Uno se acostumbra al clima,
Al paisaje y eso;
Y lo sublime desciende
Al espíritu mismo,
Al espíritu y al espacio,
Al espíritu vacío
En espacio vacante.
¿Qué vino se bebe?
¿Qué pan se come?
A lo que uno se siente tentado a responder: “¿Y qué?”. Pero, claro, ese es el punto: no se puede decir. La ficción suprema “debe ser abstracta”. El Romanticismo de Stevens es gestual, apunta a una plenitud que la poesía misma no puede describir ni albergar.

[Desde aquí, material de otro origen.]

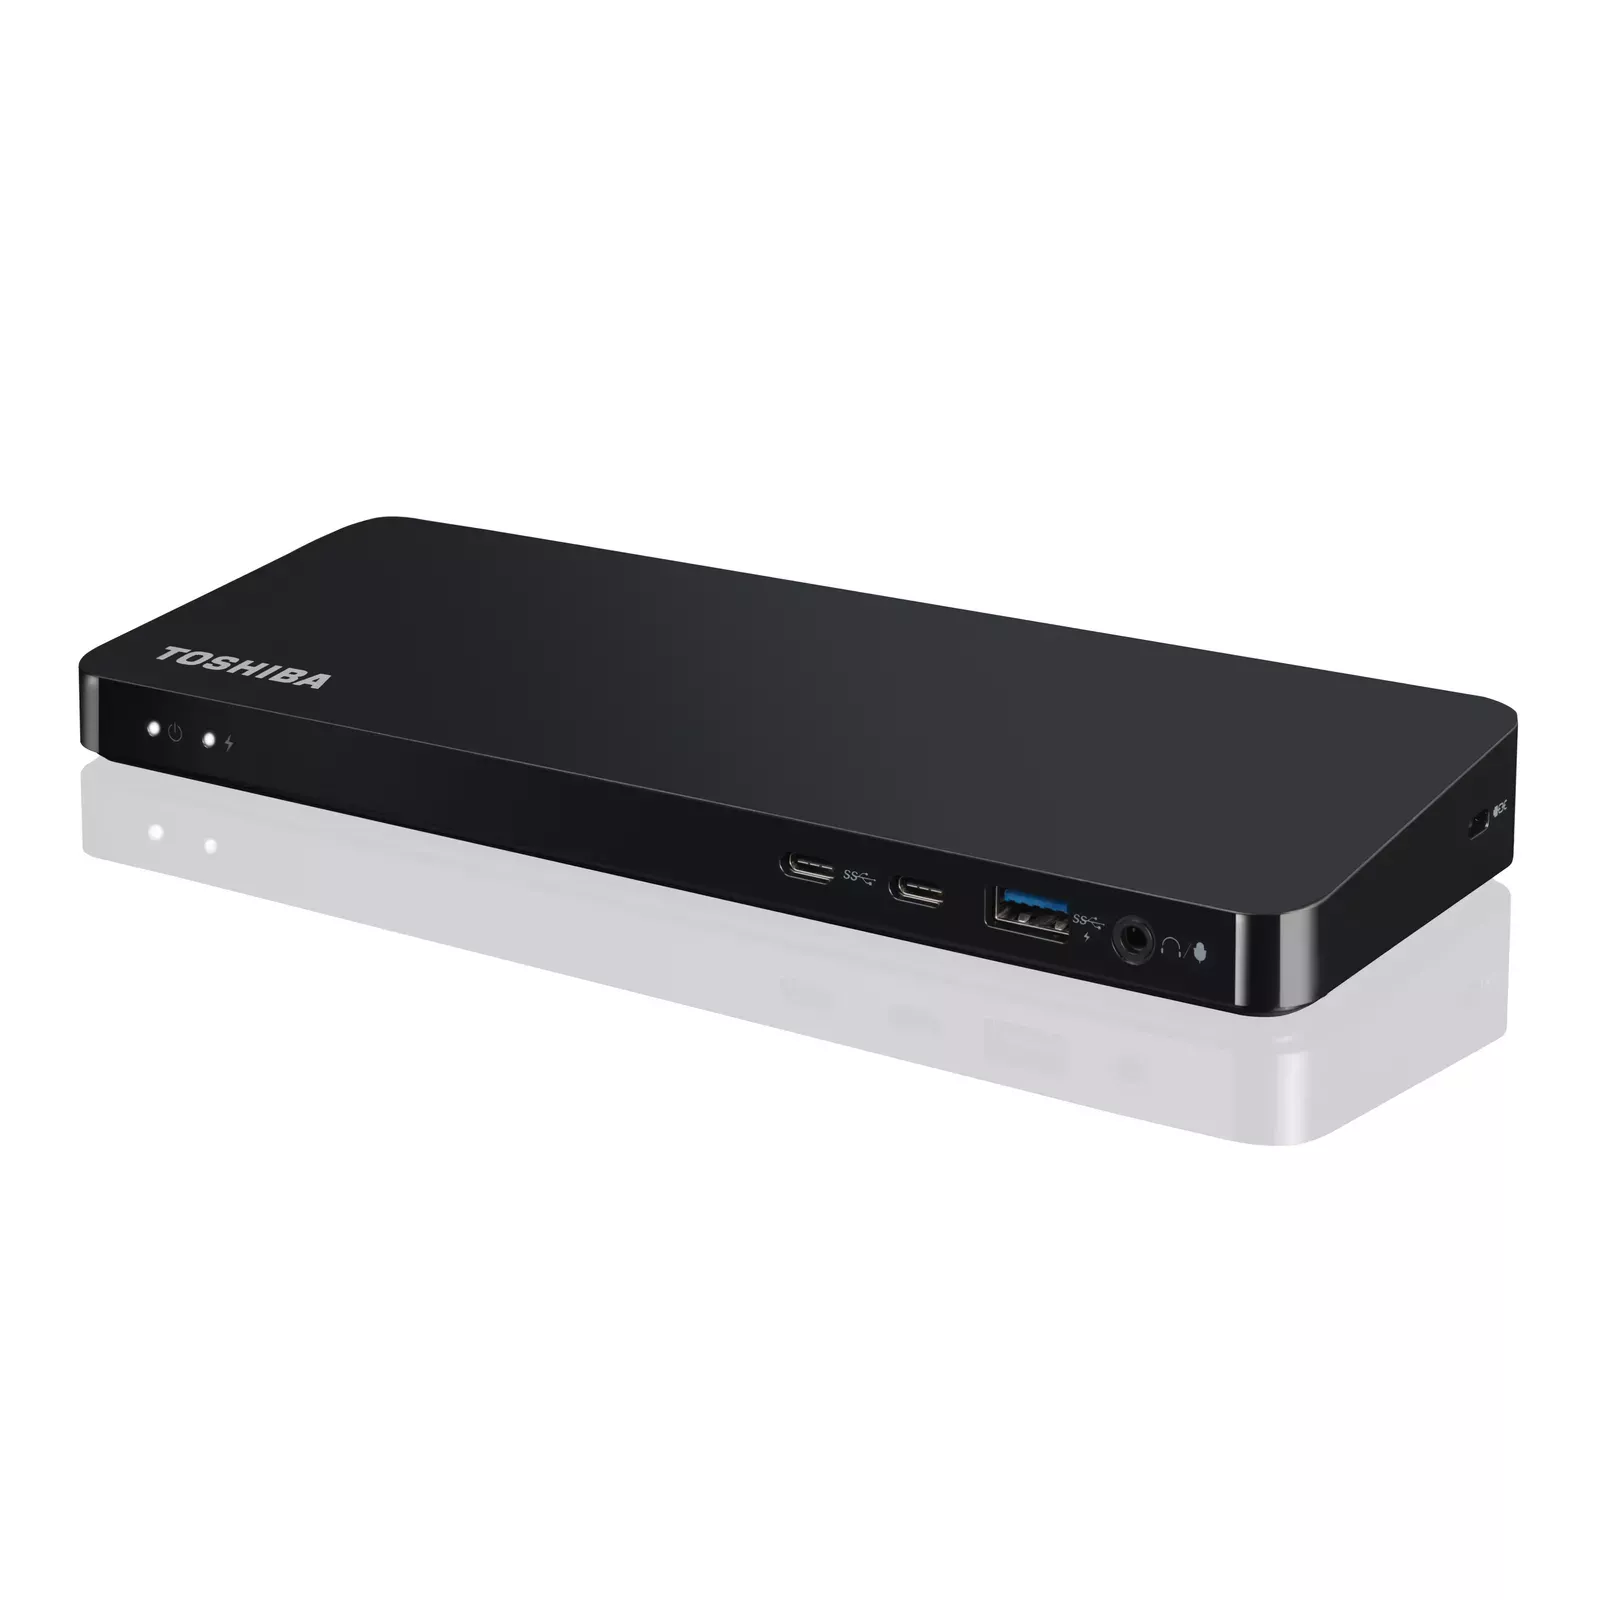 Dynabook Thunderbolt 4 Dock - Function Overview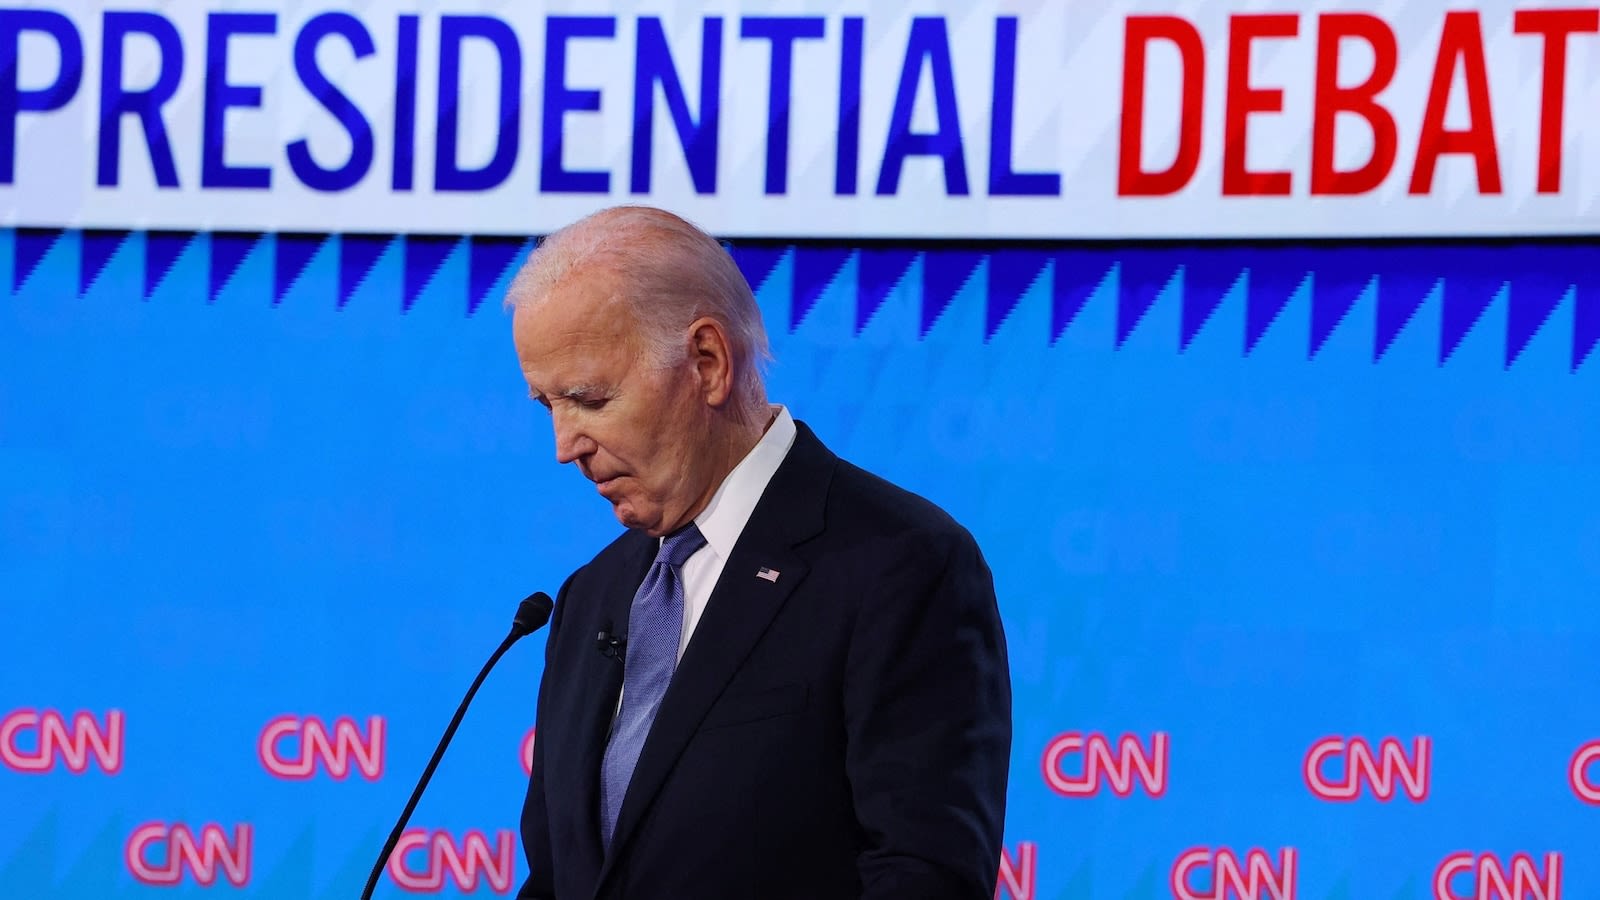 What the Democrats doubting Biden have in common

Lo cual nos lleva de vuelta a Ashbery, a su Romanticismo y a sus disparates. Ashbery, como romántico tardío, está condenado a una elefantiasis de la indirección, a una inmensa expansión de lo inesencial, para dar sentido a lo esencial, porque lo esencial es en sí mismo inexpresable, tan solo un vapor, un temblor. Leer a Ashbery es recorrer con dificultad una extensión desalentadora de trivialidades, chistes, gramática retorcida y disparates para que el poeta pueda finalmente escribir sus cinco o diez versos de epifanía:
Y tal vez algún día la discusión que debe surgir
Para que comencemos a sentir algo de esto incluso antes
De empezar a pensarlo llegará con un nuevo clima
Que nadie puede imaginar…
Tendrá lugar en una noche, mucho antes del sueño y del amor
Que llega entonces, devolviendo el misterio a toda la vida
Estéril que tuvo que conducir a ella.
Es perfectamente legítimo que el poeta haga difícil el camino hacia sus verdades, y en los mejores poemas de Ashbery el juego vale la pena. Pero la perplejidad romántica que anima su obra –el dilema de tener que comunicar, con palabras, un sentimiento que está más allá de las palabras– también la arrastra, requiriendo o al menos permitiendo mucho que es insustancial, no esencial, insuficientemente formado, tedioso. La poesía tiene muchos recursos que Ashbery descuida o abusa, en nombre del ejercicio de un recurso particular; y este es el manierismo. Por lo tanto, es demasiado apropiado que el poema más famoso de Ashbery, “Self-Portrait in a Convex Mirror”, sea sobre una pintura del manierista Parmigianino. Ashbery también le da al lector una sensación de agotamiento, como si, después de él, no hubiera ningún lugar fructífero al que la poesía pueda recurrir.
Notas:
[1] El Sloppy Joe es un sándwich caliente de carne de res ripiada que se sirve en Estados Unidos.